Certo dia, Marcelo e Plínio se encontraram na festinha de São João no salão do prédio. Os dois usavam chapéus de palha. Tinham pintado bigode no rosto e vestiam camisa de flanela xadrez. Conversaram bastante. Comeram pamonha, cocada, pé-de-moleque. Tomaram refrigerantes e se divertiram muito.
Na hora de dançar a quadrilha, eles conheceram uma nova moradora do prédio, chamada Roseli. Era uma menina de cabelos pretos, lisos e compridos, presos num rabo-de-cavalo com uma fita vermelha. Roseli tinha a mesma idade deles, quer dizer, 8 anos. Usava um vestido xadrez vermelho-e-branco.
No finalzinho da festa, depois da dança da quadrilha, pais e mães ficaram conversando, e as três crianças se sentaram perto do escorregador que havia no jardim.
Plínio e Marcelo contaram a Roseli que estavam chateados.
— Meu pai só quer saber de basquete, mas eu gosto é de futebol — disse Marcelo.
— O meu só quer saber de handebol, e eu prefiro lutar judô —completou Plínio.
Foi aí que Roseli disse para eles a sua idéia:
— Por que você não começa a lutar judô, e o Plínio começa a jogar futebol num clube?
Plínio ficou ressabiado, torceu a boca e perguntou:
— E daí? O que você acha que vai acontecer se a gente fizer essa troca? Os nossos pais nem vão deixar.
Roseli deu um sorriso. Depois, respondeu:
— Ora, os pais de vocês vão ficar confusos...
— Como assim, Roseli? — quis saber Marcelo.
A menina, então, explicou o seu plano, cochichando no ouvido de cada um.
Os dois meninos acharam que o plano de Roseli poderia mesmo dar certo.
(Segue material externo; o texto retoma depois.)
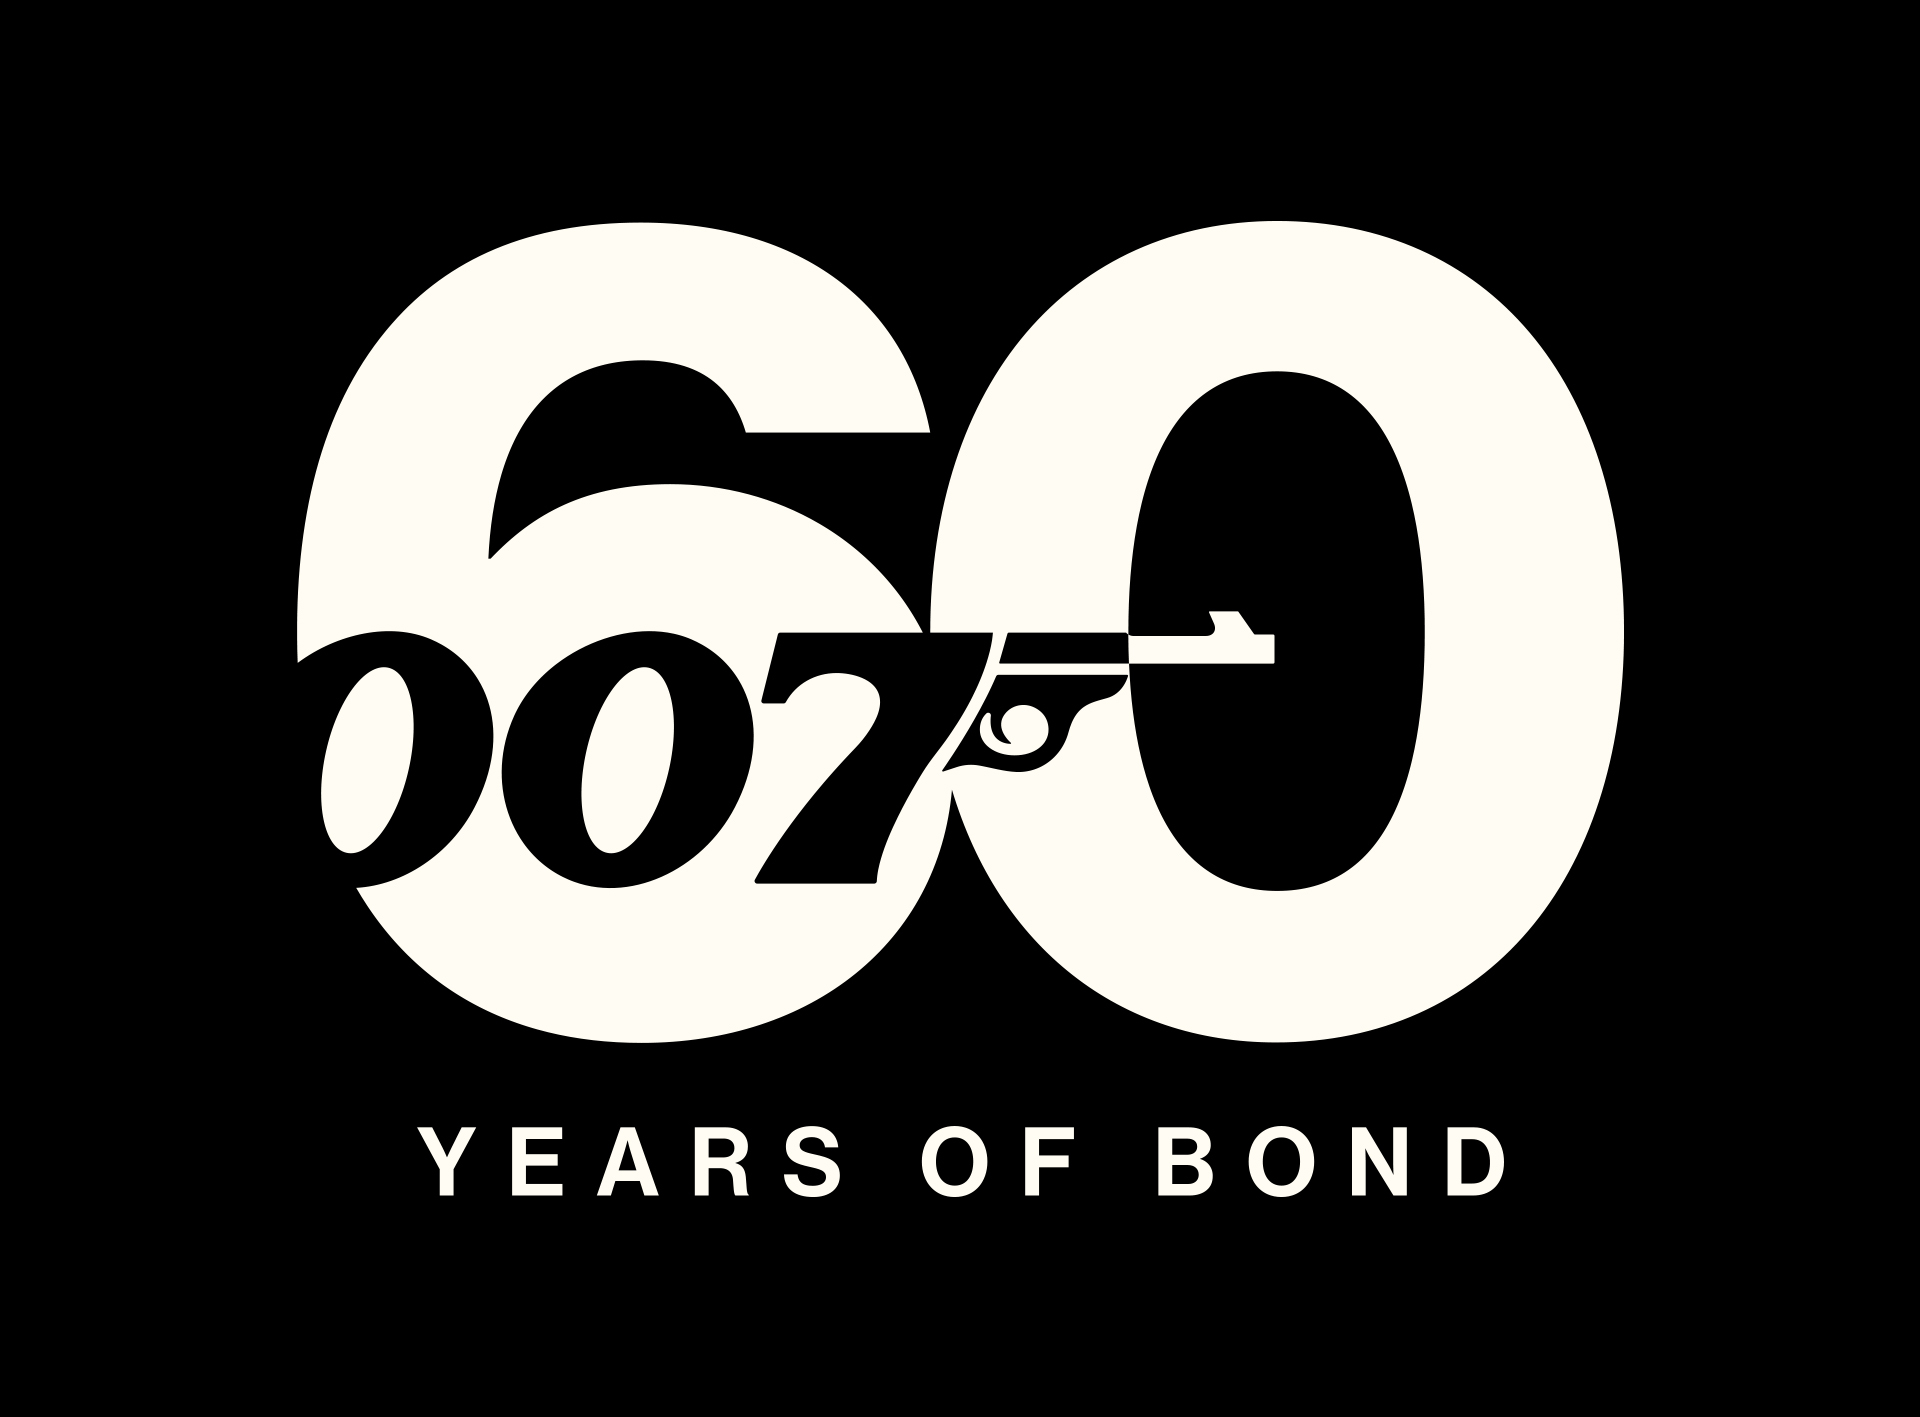 Marketing image showing the line “60 years pf bond” and "007" set against a black background

Ficaram contentes. O problema é que precisavam de um quimono para o Marcelo, pois o de Plínio ficava apertado nele.
— A gente pega um molde e faz um quimono de papel —sugeriu a menina.
Na semana seguinte, Marcelo pediu a seu Teodoro que o levasse a um treino de judô.
— Já que eu gosto de futebol e você de basquete —disse Marcelo para o pai—, não vou fazer nem uma coisa nem outra. Vou fazer judô.
— Mas você não tem quimono, filho.
— Pode deixar, pai —disse Marcelo, todo contente. — Eu arrumo um quimono.
Naquele mesmo dia, Plínio pediu ao pai que o levasse a um clube para jogar futebol.
— Você quer que eu faça handebol, não é, pai? Eu prefiro judô. Então, vou jogar futebol. Assim a gente fica em paz!
Como Roseli havia previsto, seu Hamílton e seu Teodoro ficaram confusos. Conversaram no mesmo dia, pelo telefone, e entenderam que os filhos tinham feito um combinado: a troca dos esportes, só para ver como eles reagiriam.
Em vez de ficarem bravos, os adultos acharam engraçado o estratagema dos garotos.
Logo depois dessa conversa, os pais procuraram os filhos e disseram a eles que tinham entendido tudo. Plínio poderia lutar judô o quanto quisesse e ganharia um quimono.
Marcelo recebeu do pai um pacote e, quando abriu, viu que havia dentro uma camiseta da seleção de futebol, com o número 10 nas costas!
Cheios de alegria, os meninos se abraçaram e foram juntos ao apartamento de Roseli, que tinha acabado de tomar banho e estava muito cheirosa. Ela ficou feliz depois que eles contaram que o plano dela tinha dado certo e que agora cada um ia fazer o esporte que queria mesmo fazer.
Marcelo tirou de um saquinho plástico um tubo de cartolina branca e o desenrolou em cima da mesa da sala.
— Esse é o meu quimono de papel, Roseli. Nem precisamos dele. Fica de presente para você. Os três se abraçaram forte, como só os verdadeiros amigos se abraçam.